Great. Appreciate that. Then for the medium voltage switchgear, is that switchgear for the entire 40 MW? Is it a portion of it? How should we think about the delivery for Nscale? Would it be a little bit lumpy or I'm just hoping to get a little more color on that on revenue contribution and timing. Thanks.
It really is. It is still a little bit fluid. It really is fresh. It is two days old. That is news of the last 2 days. Initially, it was the entire lineup. It has since improved. We will be delivering capacity on a scaled ramp-up type delivery instead of a one lump sum on day one. That also, it also helps our client in testing and commissioning this stuff as well. We have gone through a handful of supply chain related issues in the last 45 days or so. Mitigated most of them. Most of them fell into our buffer allocation that we had for the project.
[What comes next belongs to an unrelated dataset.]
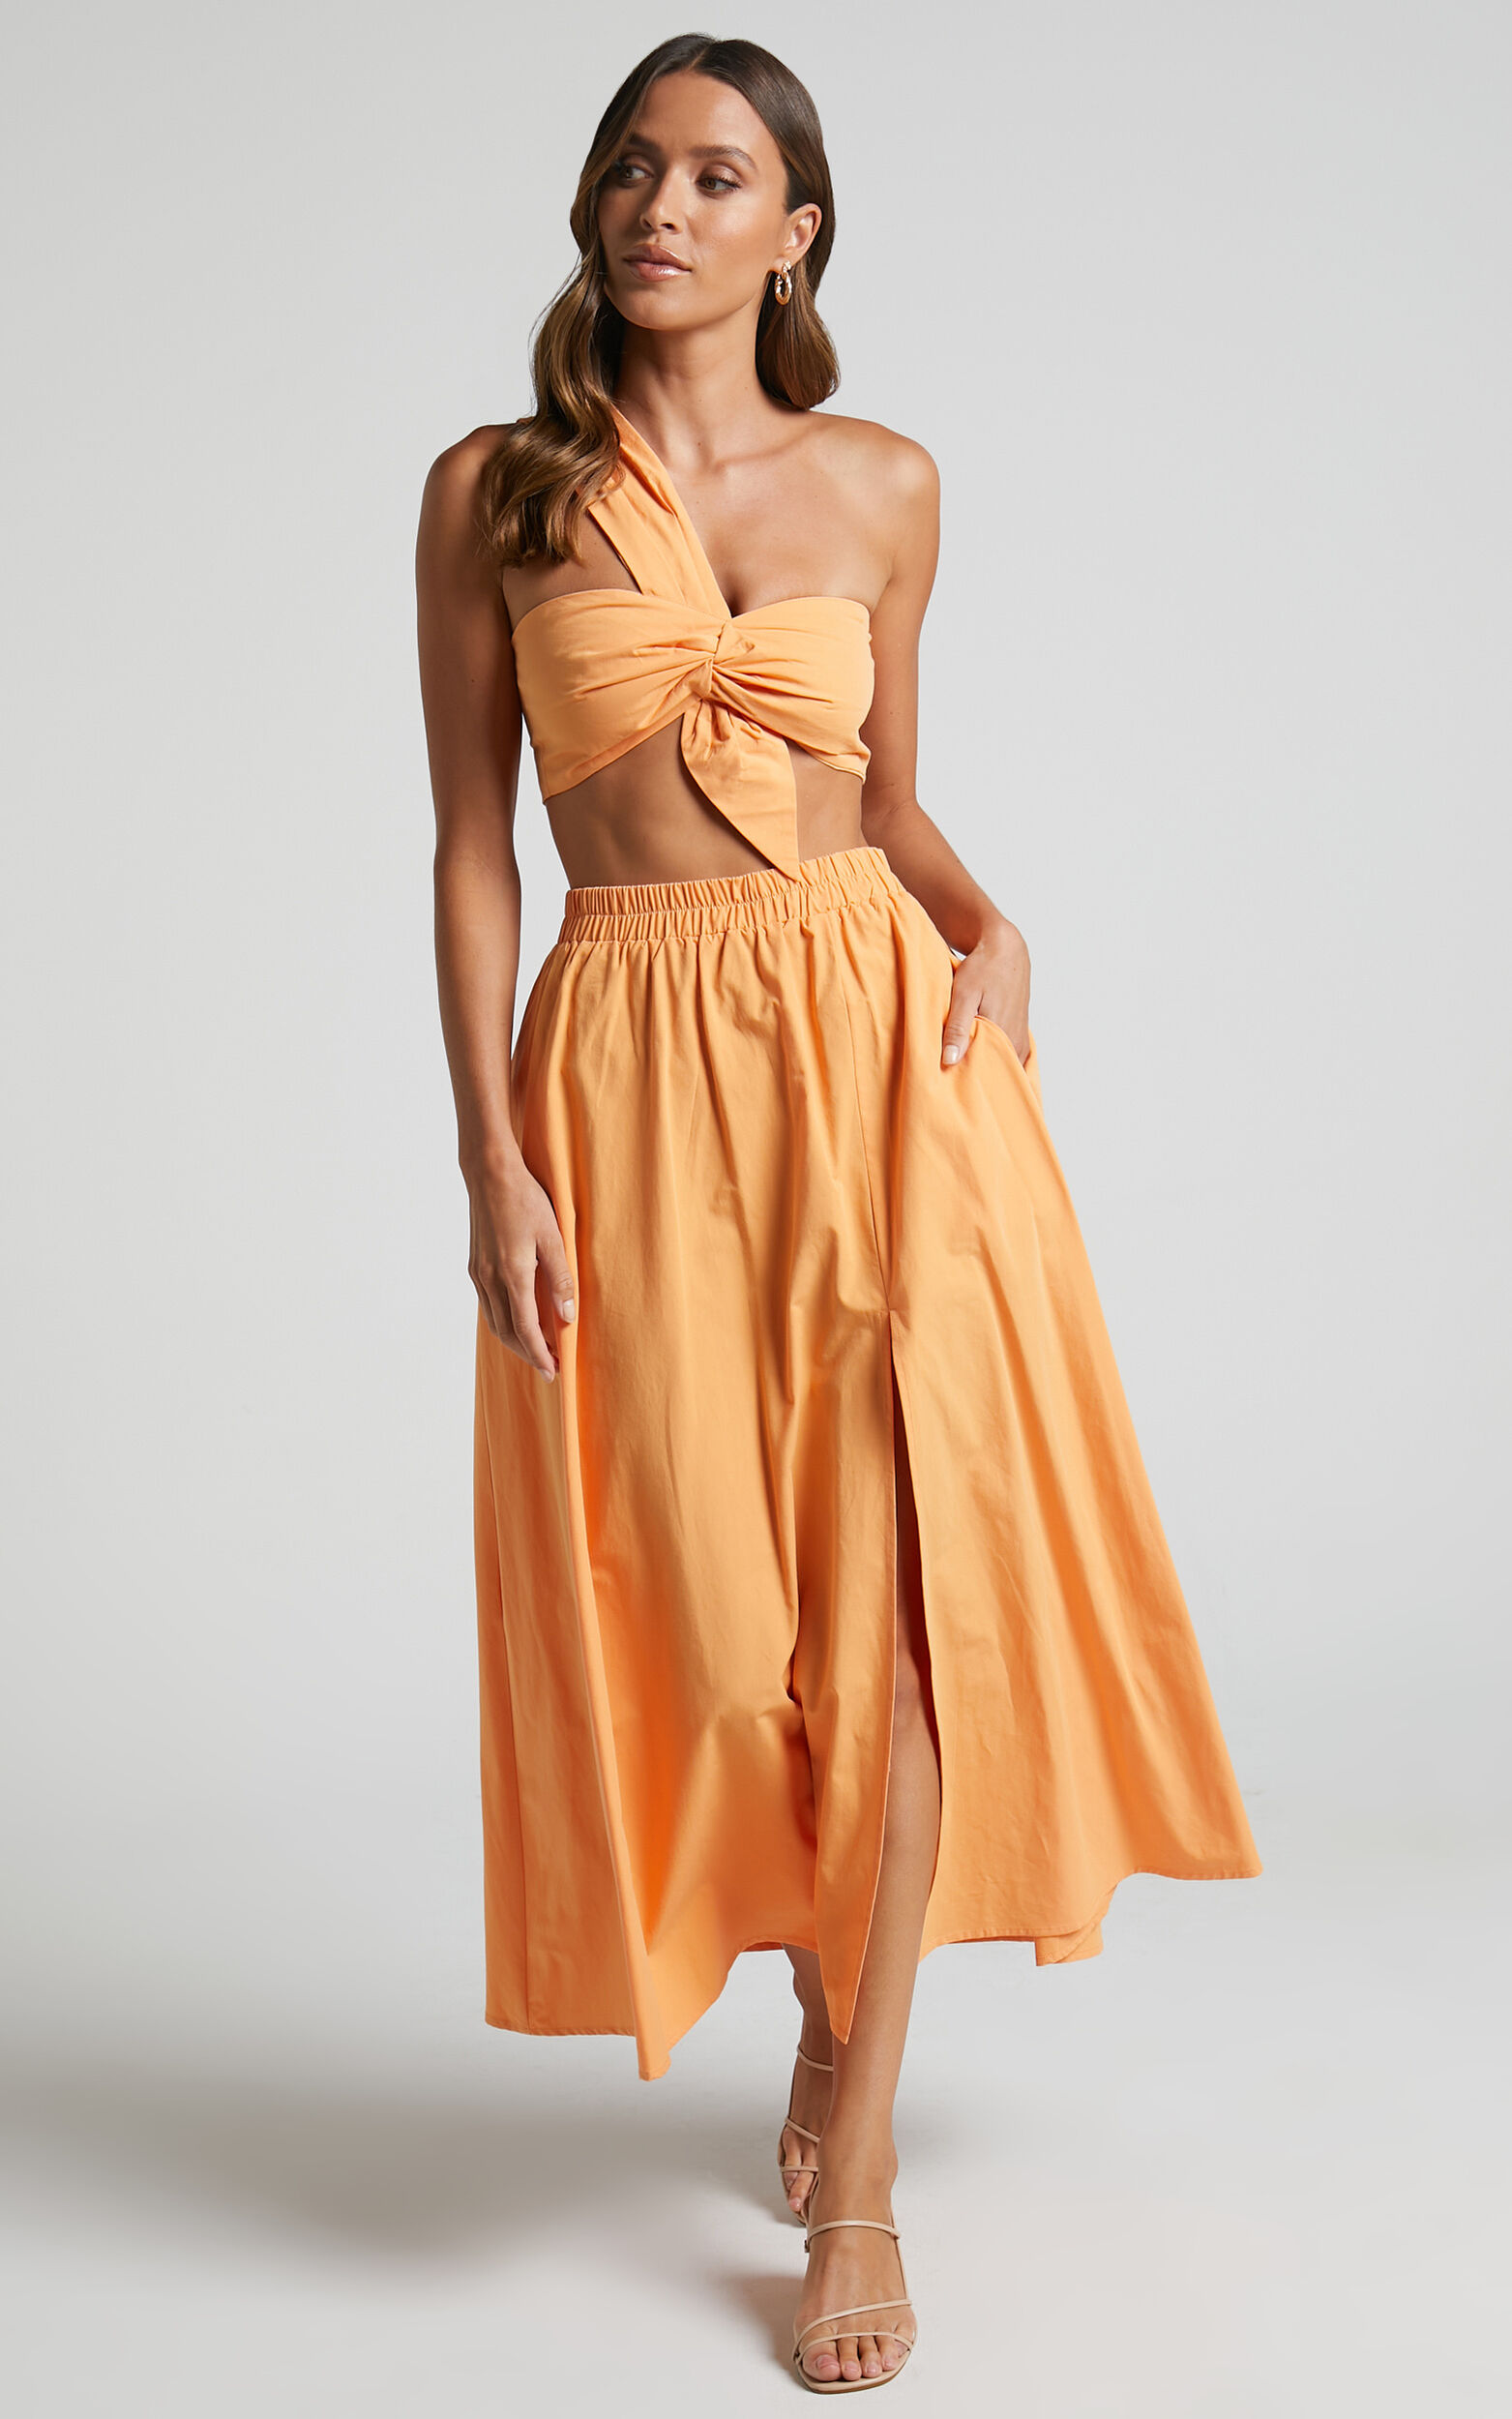 Sula Two Piece Set - One Shoulder Bralette Crop Top and Midi Skirt Set in Sherbet Orange - 04, ORG2

This one is just a couple of days fresh, and we're working on it through our equipment suppliers, our general contractor, and directly with the client.
Just also mentioning that, the delay here is not material, and capacity will begin over the next few weeks.
I think another important point to consider is that, you know, the timeline that we're executing on, if this was an 18-month delivery, which is pretty much the standard that all our peers are working with, this delay would have not even. It would have fallen into larger buffer zones, or it would have gone unnoticed. We're delivering this in 6 months, this, any slight delay will have impact. Like Sam said, we don't expect it to be anything material.
Well noted. Appreciate the added color.
We'll return to Nick Giles with B. Riley Securities.
Hey, thanks for taking my follow-up.
Hi, Nick.
I just wanted to ask about CapEx. Q1 is always gonna be kind of a larger spend quarter. Should we expect a similar magnitude in 2Q as you wrap up NC1, or how could CapEx kind of progress throughout the year from the, you know, sites within your portfolio today? Thanks.
I think, Erke, would you like to take that?
Sure. At this moment, it's a little bit hard to just, you know, provide a very precise number in terms of CapEx spend. I just break down from data center and, you know, cloud services. For data center, we, after NC1 will be, you know, other sites where we'll be looking at. Once that's been finalized, we'll, you know, certainly start spending CapEx on that. On the cloud side, you know, Billy mentioned as well one of the criteria for our, you know, contracts is that it's not going to take a material balance sheet from the corporate. It will be a procurement based on the customer prepayments and, you know, GPU banks, you know, project-level financing.
Again, you know, those are all, you know, deal by deal. Once the deal being, you know, announced, you know, you'll see more clarity. It's basically a deal by deal case.
Okay. Understood. Maybe one more for Billy Krassakopoulos, if I could. You know, we're seeing varying lease structures emerge. I was curious if, you know, your thinking around lease structures for future deals has changed, maybe, you know, how you pass through certain costs to customers and how that might impact, you know, the margin profile of any future deals. Thanks.
We're not really looking to change our structure right now. The only thing that we have been seeing is higher NRCs and setup fees due to custom or more complex type of deliveries that would go outside the scope of basic data center services. On the margins and the monthly costs, we have been approached with certain different types of structures, but we're not looking to change our billing profile right now.
Understood. Okay. Thanks again, guys.
At this time, we have no further questions. I'd like to turn the floor back to our speakers for any additional or closing remarks.
Sam, you're mute.
My bad. Thank you.
I was on mute. My apologies. Thank you everyone for joining us today. We look forward to speaking with you in the next quarter. That'll be one that we are definitely looking forward to engaging with you all. Thank you so much for today.